Goal of the exercise =>
Starting at the line with "Cornélius, le meunier hurlant Français HDR" and ending at the line with "Nett Kww Küchenschränke", print exactly the lines of the entries below. Pictures do not belong in the copy.

Records for processing =>
= = = = = = =

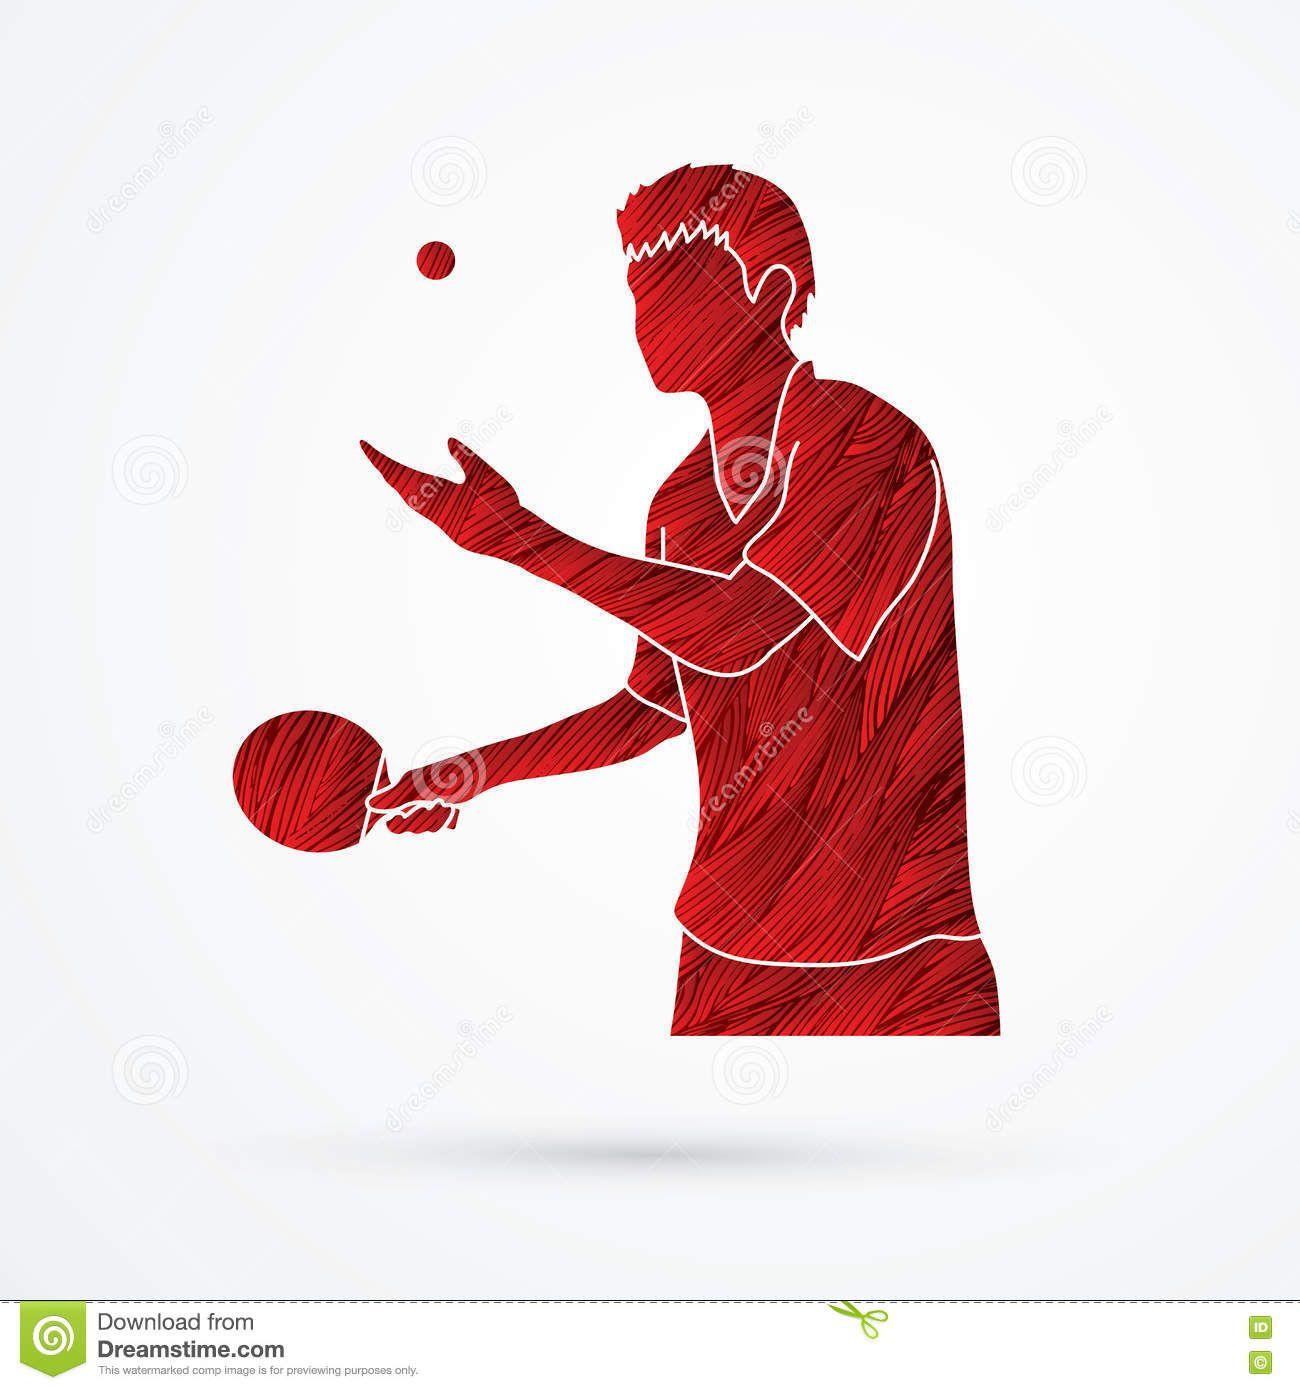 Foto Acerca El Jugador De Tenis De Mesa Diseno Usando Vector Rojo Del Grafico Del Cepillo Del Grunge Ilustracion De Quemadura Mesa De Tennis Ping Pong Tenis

= = = = = = =

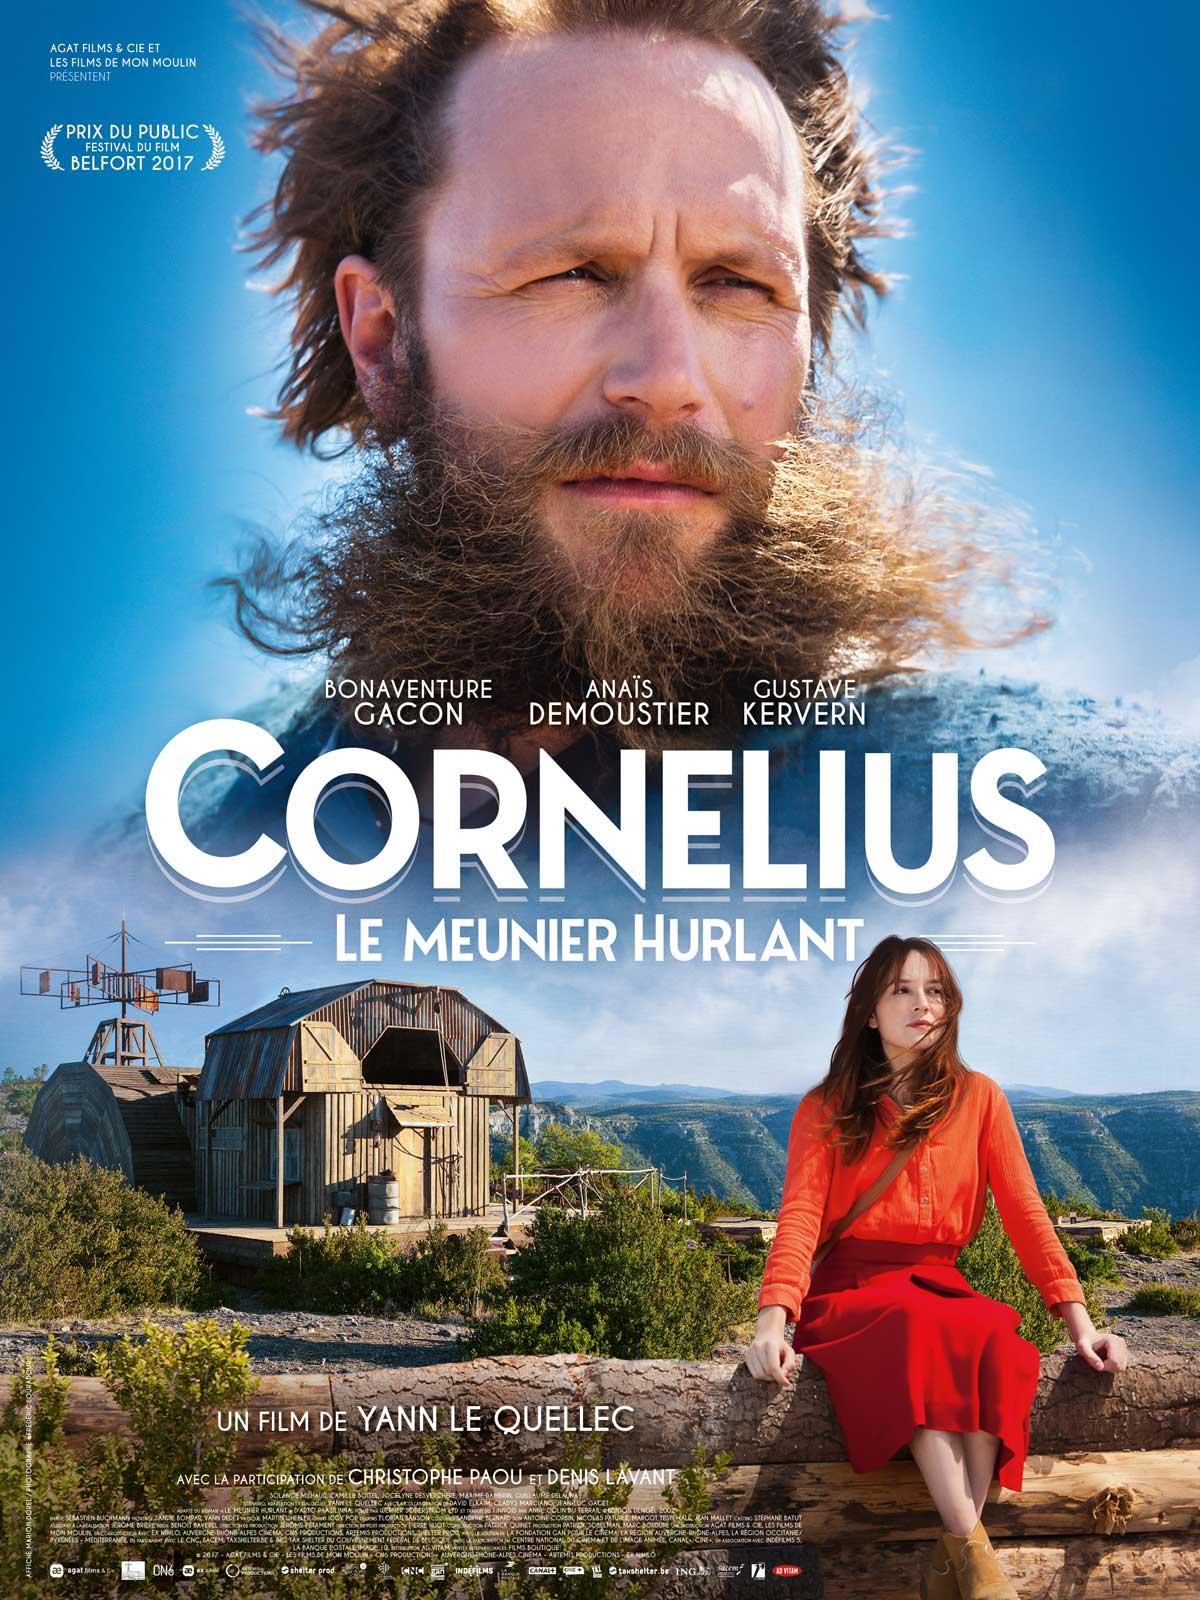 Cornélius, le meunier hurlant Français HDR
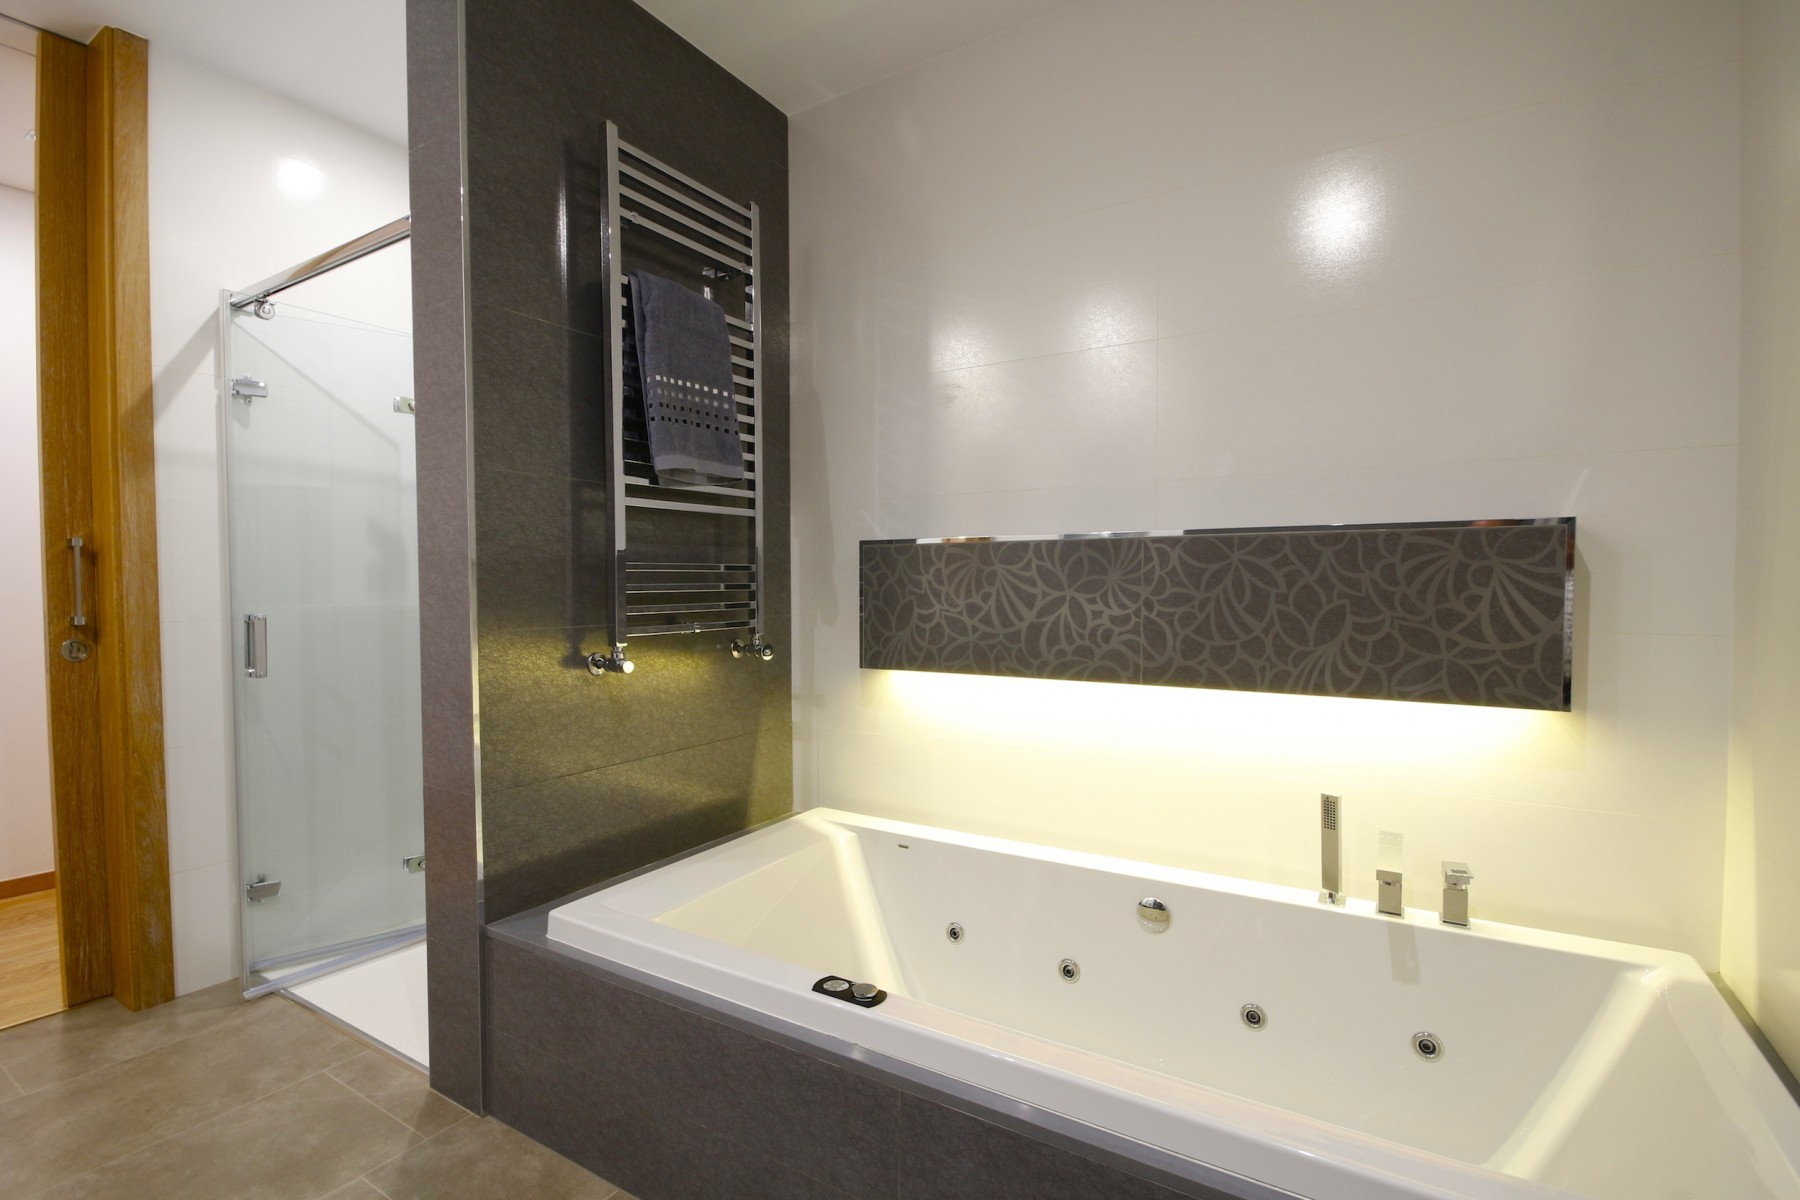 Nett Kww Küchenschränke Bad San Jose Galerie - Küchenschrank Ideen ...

= = = = = = =

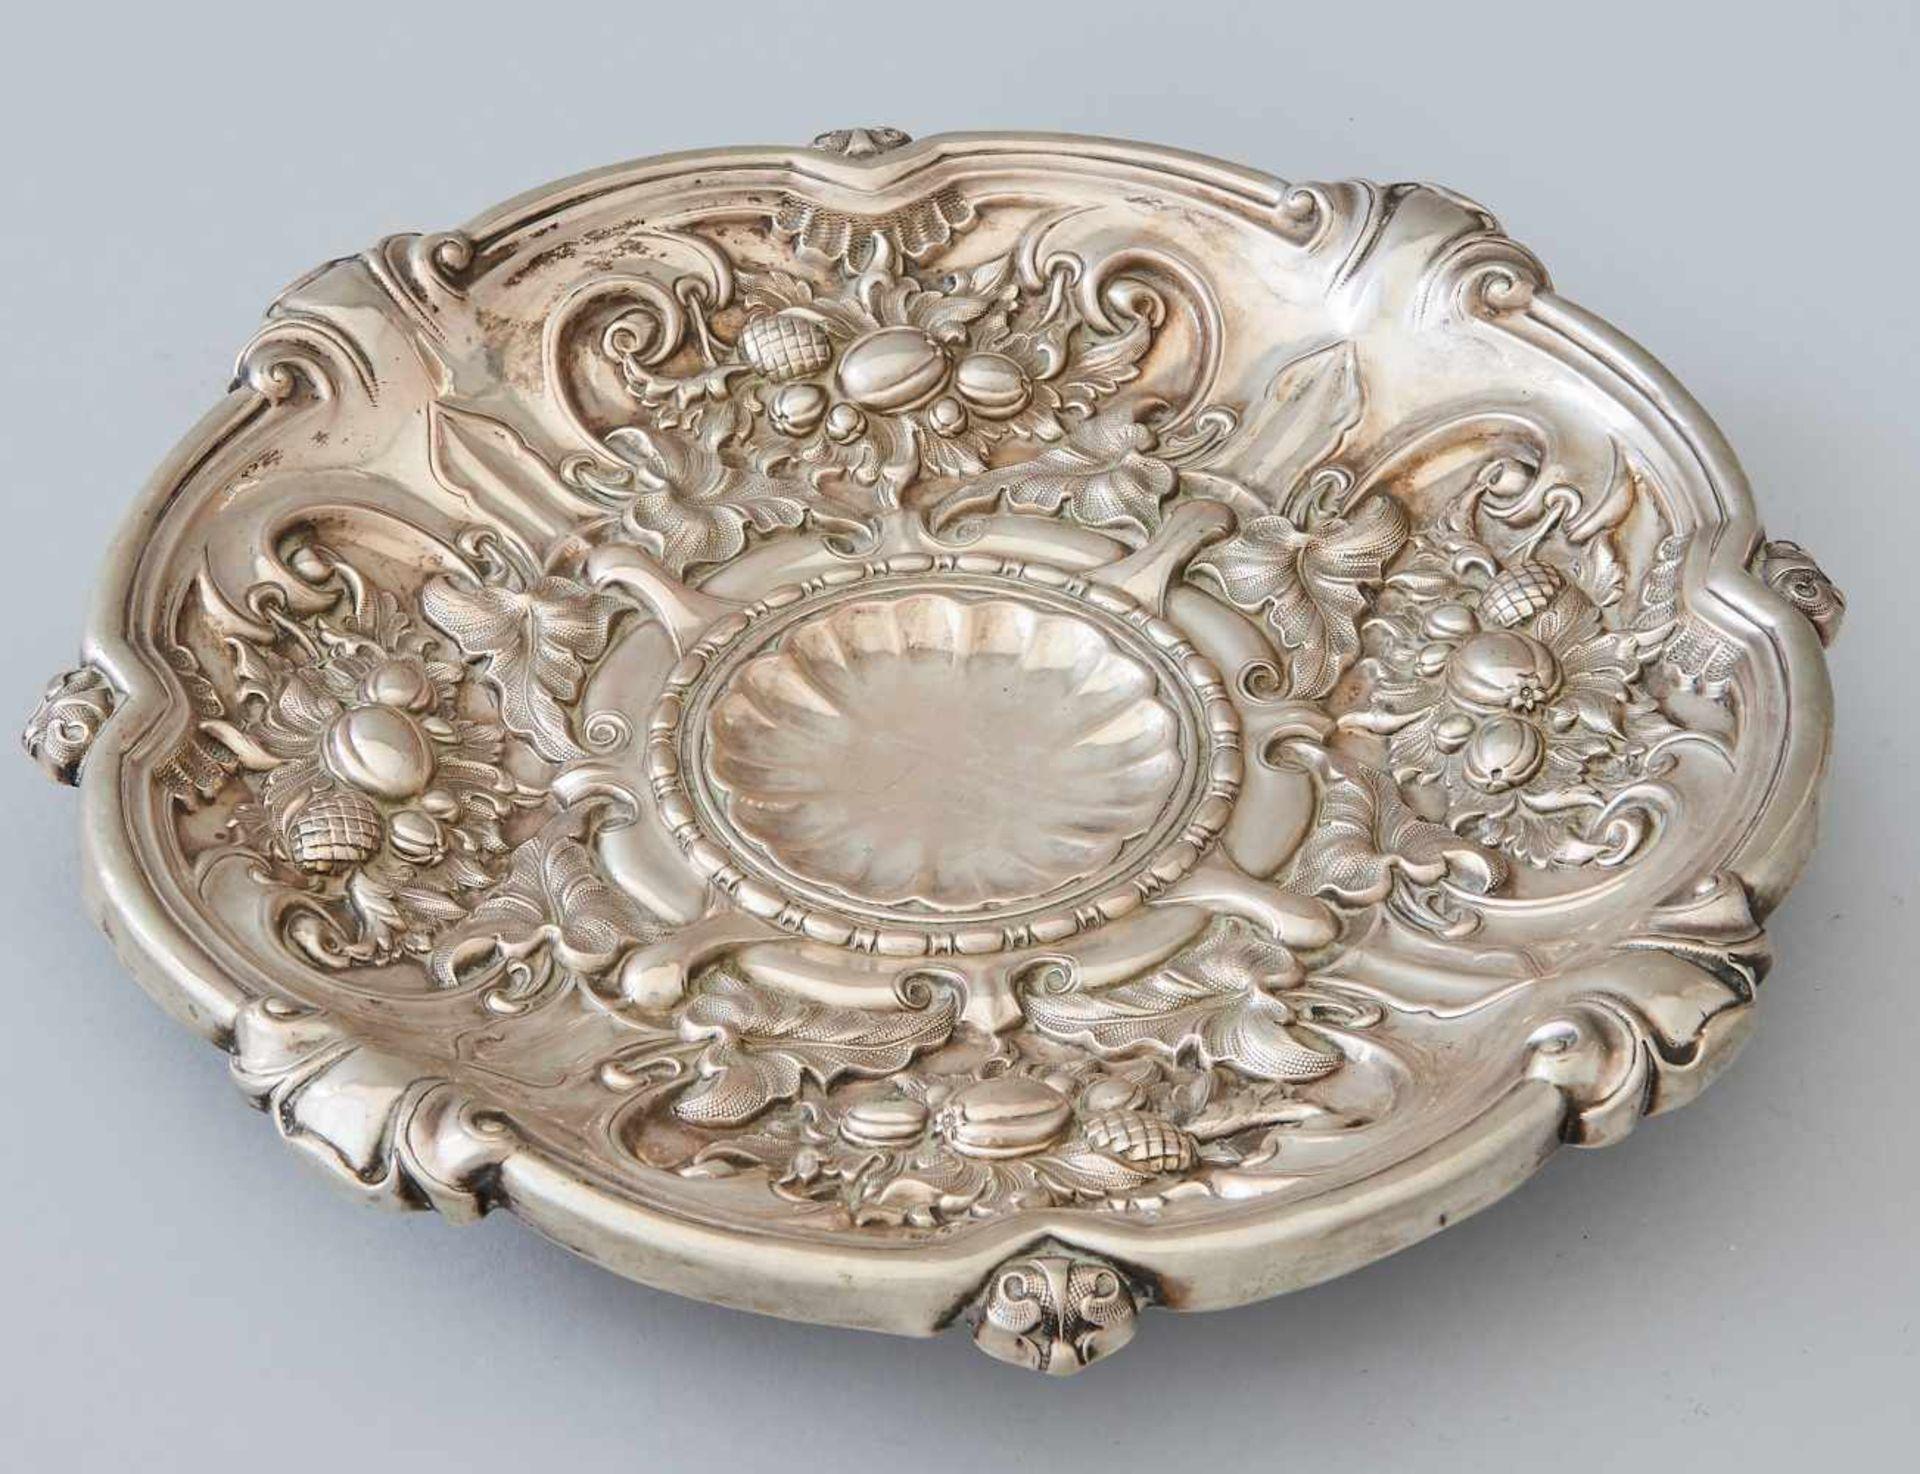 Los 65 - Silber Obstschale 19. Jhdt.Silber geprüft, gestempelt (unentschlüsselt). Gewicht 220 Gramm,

= = = = = = =

Answer to this task =>
 Cornélius, le meunier hurlant Français HDR
 Nett Kww Küchenschränke Bad San Jose Galerie - Küchenschrank Ideen ...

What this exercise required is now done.